Table 4 First order interaction in daily live-weight gain (DLWG) and days to slaughter between feeding system and gender of finishing beef animals receiving maize-silage-based diets of contrasting crude protein concentrations

a,bMeans with different superscripts differ significantly (P < 0.05).

Carcass characteristics

SHF had better KO percentages than HF (55.9 v. 54.9%, P < 0.01), which was reflected in the marginally higher carcass weights of SHF, given that the two breeds were slaughtered at relatively similar LWs. Steers had significantly (P < 0.001) higher KO percentages than bulls (56.1 v. 54.7, P < 0.001), despite bulls having heavier carcass weights compared with steers, due to the higher target slaughter weight of bulls. Diet did not appear to influence either KO percentage or carcass weight (mean KO% = 55.4). Neither diet, gender nor feeding system significantly influenced conformation scores on either the Meat and Livestock Commission (MLC) or 15-point scoring systems (Table 5), although the difference between MLC conformation scores for diet CON and diets LUDP and HUDP did approach statistical significance (P = 0.055). With respect to breed, SHF had significantly higher (P < 0.05) conformation scores than HF on both the MLC and 15-point systems. Fat scores on both systems were not significantly influenced by breed, diet or housing system. However, steers had significantly greater (P < 0.005) fat scores than bulls. There was a significant (P < 0.05) first order interaction between gender and dietary treatment in that bulls and steers had similar MLC fat scores in treatment LUDP, but bulls, when compared with steers, had considerably lower scores in diets CON and HUDP (Table 6). This trend was also apparent using the 15-point fat score system but at a lower overall level of significance. Breed did not appear to influence fat scores on either system. However, there was a feeding system by breed interaction whereby SHF fed in straw-bedded group pens had significantly lower (P < 0.05) MLC fat scores than SHF fed through electronic gates (Table 7). In contrast, HF had marginally higher MLC fat scores when fed in straw-bedded group pens when compared with electronic gates. This trend was also apparent when the 15-point fat scoring system was applied, although some discrepancy occurs between the two scales so far as statistical interpretation is concerned.

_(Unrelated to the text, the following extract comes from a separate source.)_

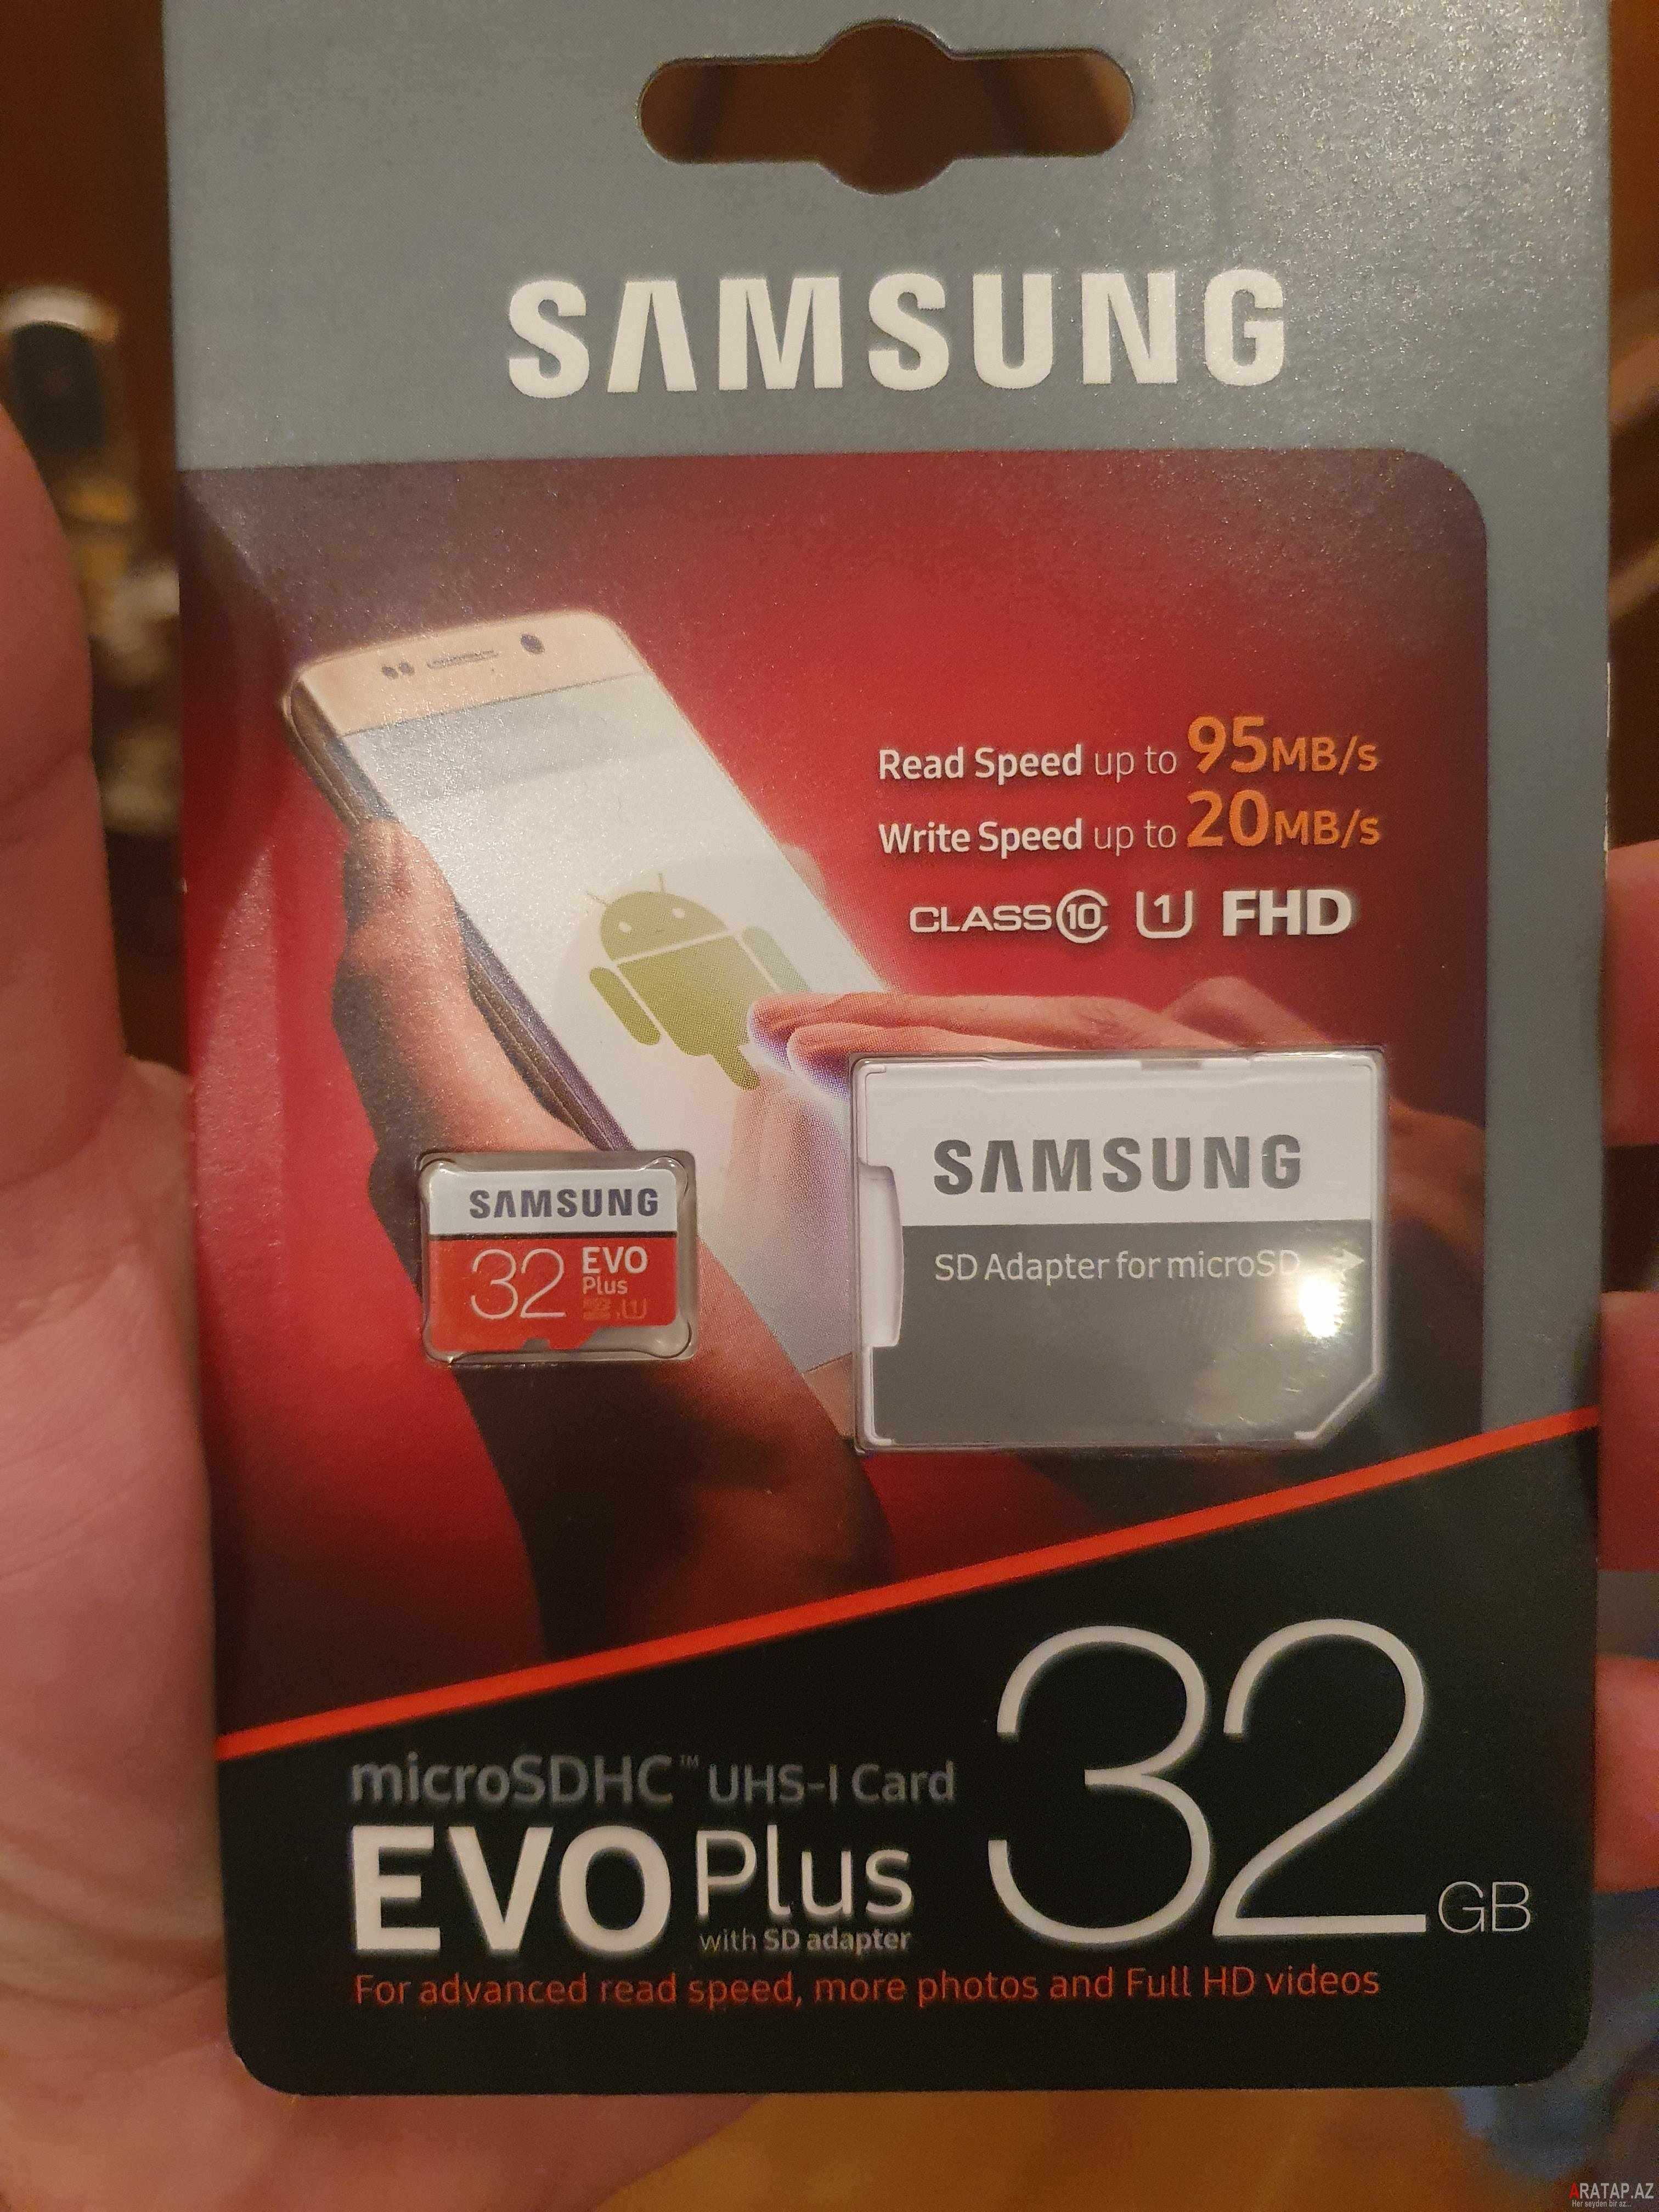 Samsung Yaddaş kartı 32 Gb Mikrokart teıefon üçün mikro  Surət - 95 Mb / San Microkart mikrocard

Table 5 Killing-out percentage, carcass weight, fat scores, and conformation scores of finished beef cattle of different gender and breed fed behind either electronic gates or in group pens whilst receiving maize-silage-based diets of contrasting crude protein concentrations

SHF = Simmental cross Holstein-Friesian; HF = Holstein-Friesian.

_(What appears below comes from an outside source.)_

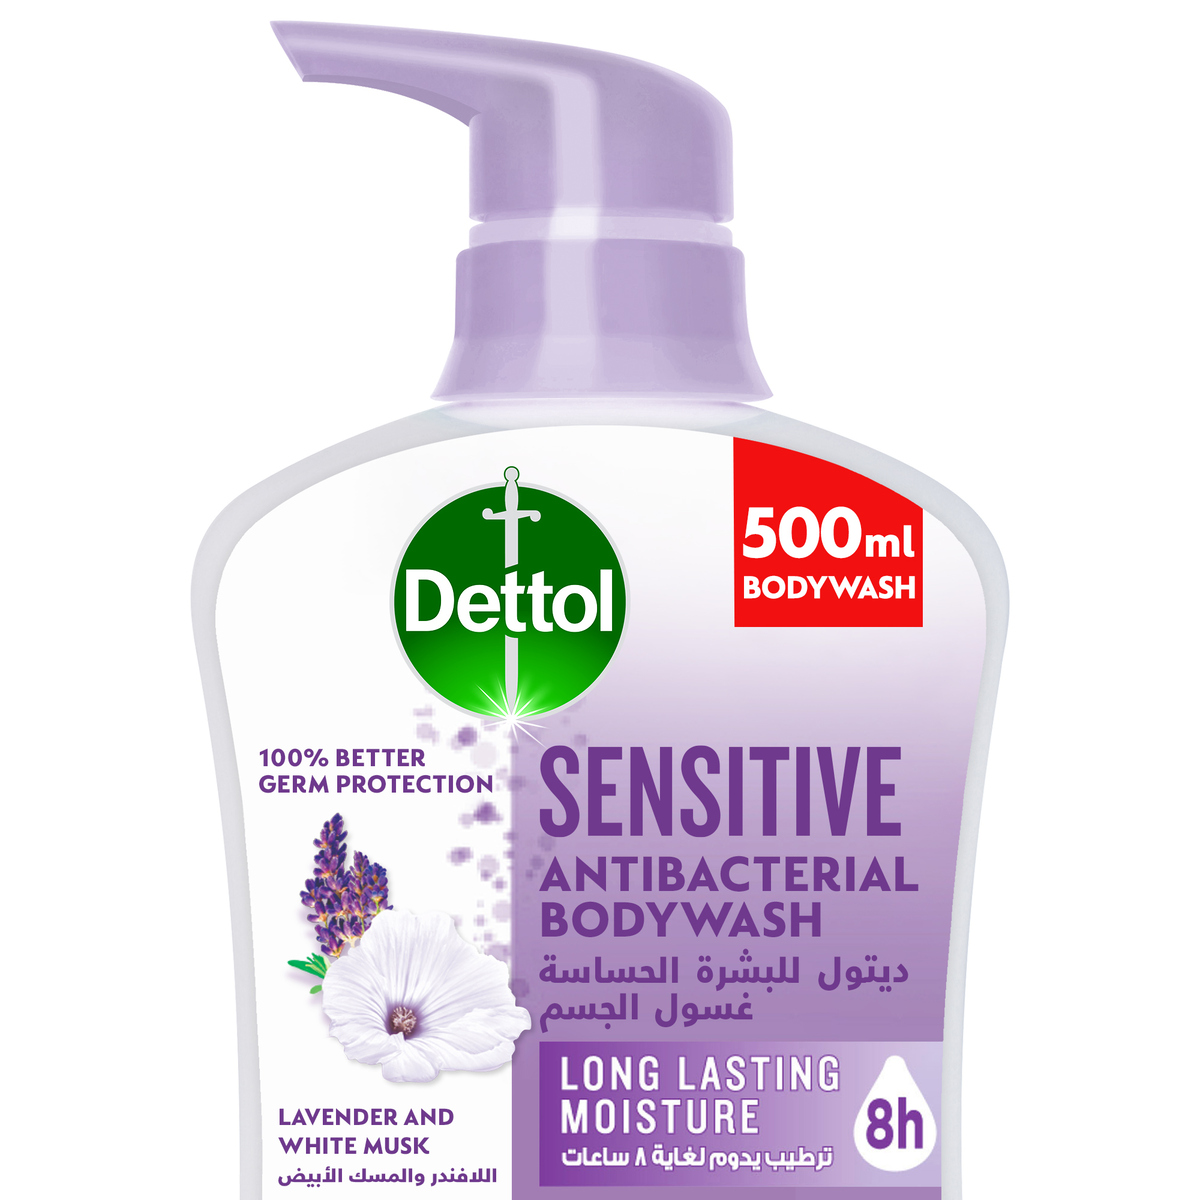 اشتري قم بشراء ديتول غسول الجسم للبشرة الحساسة المضاد للبكتيريا برائحة اللافندر والمسك الأبيض 500 مل Online at Best Price من الموقع - من لولو هايبر ماركت Shower Gel&Body Wash في السعودية

Fat score basis: 20 = 1, 45 = 2, 65 = 3, 90 = 4L. Conformation score basis: 20 = P, 30 = − O, 55 = O+, 85 = R, 115 = − U.

Table 6 First order interaction in fat scores between dietary treatment and gender of finishing beef animals receiving maize-silage-based diets of contrasting crude protein concentrations

a,bMeans with different superscripts differ significantly (P < 0.05).

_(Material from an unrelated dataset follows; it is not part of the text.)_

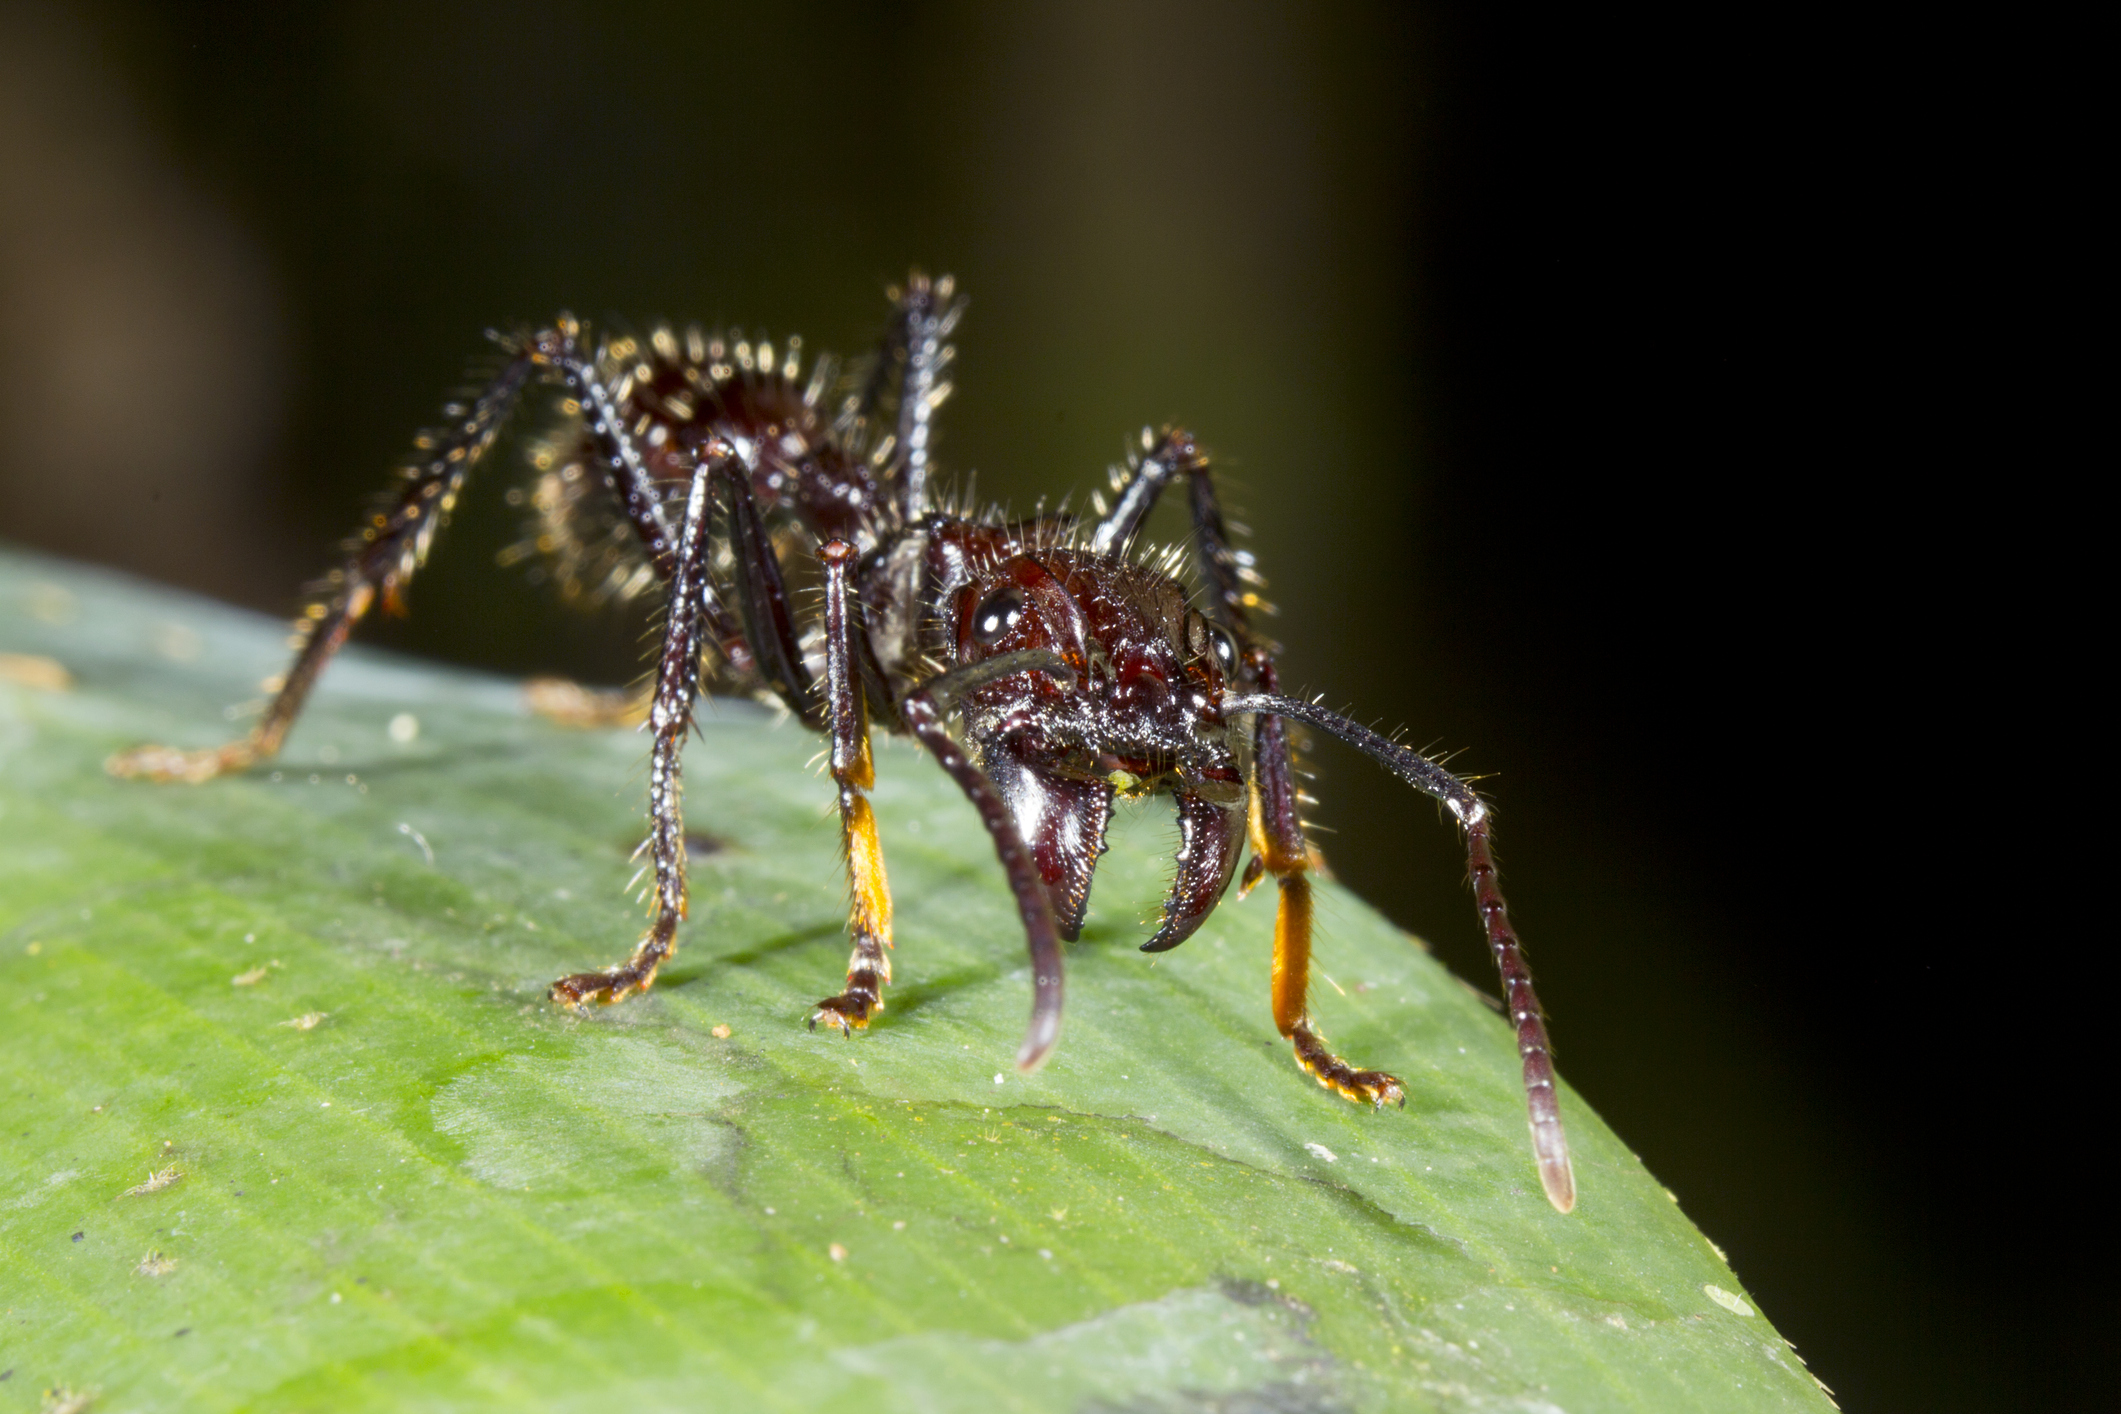 La fourmi Paraponera a la piqûre la plus douloureuse selon l'échelle de Schmidt.

15-point scale of De Boer et al. (Reference De Boer, Dumont, Pomeroy and Weniger1974).

Table 7 First order interaction in fat scores between feeding system and breed of finishing beef animals receiving maize-silage-based diets of contrasting crude protein concentrations

a,bMeans with different superscripts differ significantly (P < 0.05).

SHF = Simmental cross Holstein-Friesian; HF = Holstein-Friesian.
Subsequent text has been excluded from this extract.